BA apologies for hacked credit card details
British Airways apologised on Friday after the credit card details of hundreds of thousands of its customers were stolen in the most serious attack yet on its website and app.
The airline discovered on Wednesday that bookings made between August 21 and September 5 had been infiltrated in a “very sophisticated, malicious criminal” attack, the airlines chairman and chief executive Alex Cruz said.
The company immediately contacted customers when the extent of the breach became clear.
About 380,000 card payments were compromised with hackers obtaining names, street and email addresses, credit card numbers, expiry dates and security codes – enough information to steal from accounts.
Shares in British Airways’ parent, International Airlines Group, were down 2 per cent in afternoon trading on Friday.
Mr Cruz said the company was deeply sorry for the disruption caused by the attack.
He said the attackers had not broken the airline’s encryption but did not explain how they had obtained the data.
“There were other methods, very sophisticated efforts, by criminals in obtaining the data,” Mr Cruz told the BBC.

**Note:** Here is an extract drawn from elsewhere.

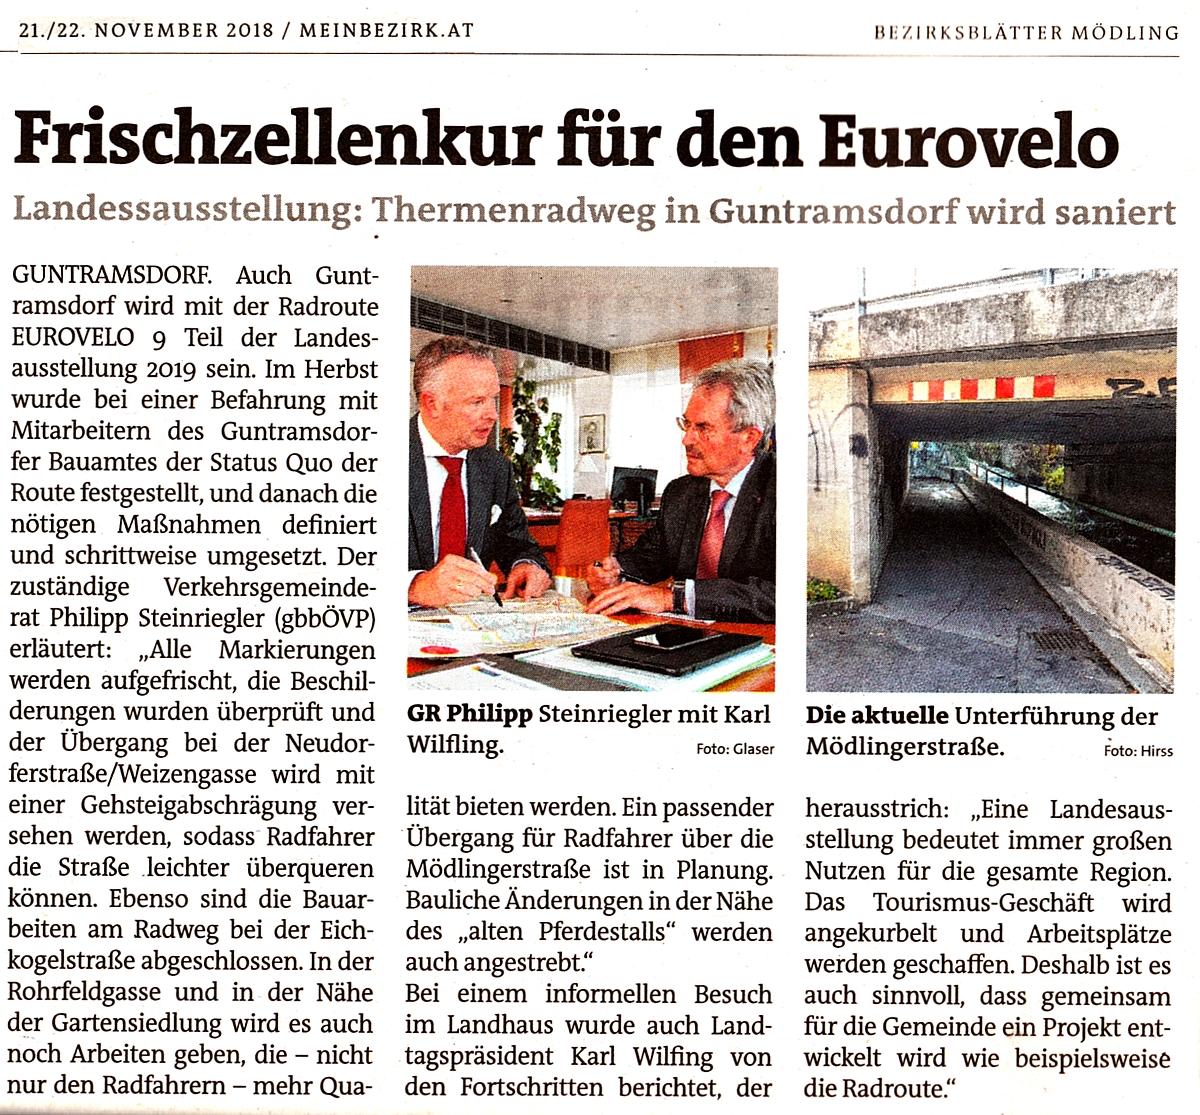 Zeitungsausschnitt Bezirksblätter: Frischzellenkur für den Eurovelo
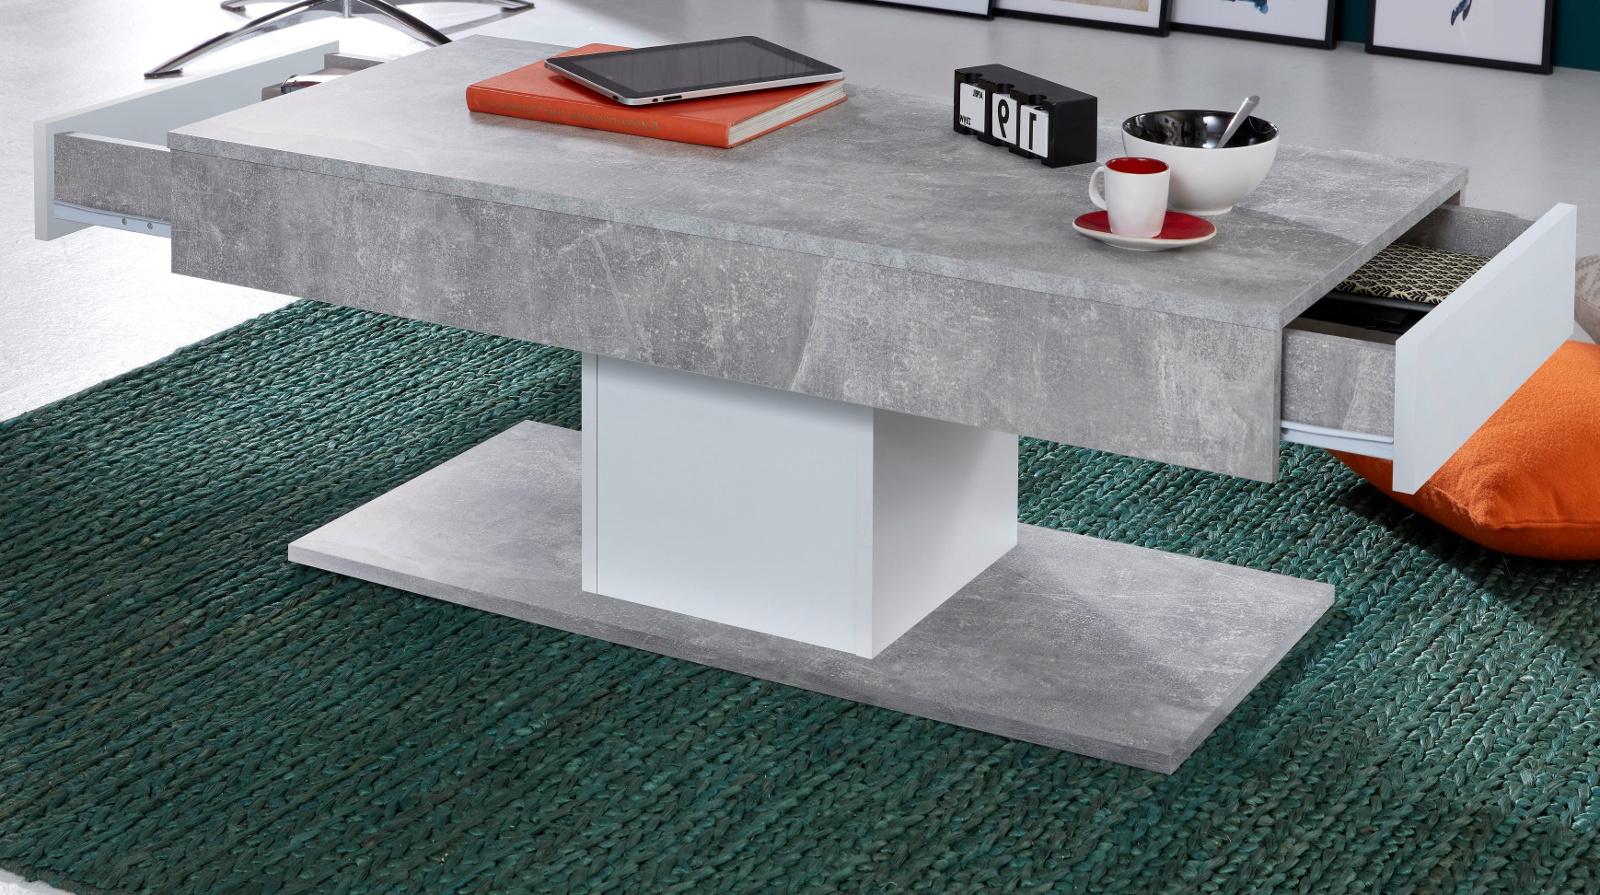 couchtisch universal stone design grau und wei 110 cm. Black Bedroom Furniture Sets. Home Design Ideas

IT security company Avast said that the attackers had probably targeted a gateway between the airline and a payment processor.
“Quite often, when it’s just a hack of a database, it is hard to identify when something has been compromised,” Avast’s consumer security expert Pete Turner said.
“This feels much more like a transaction-type attack, where data is moving about within the system.”
IAG said the data breach had been resolved. The website was now working normally, and that no travel or passport details were stolen.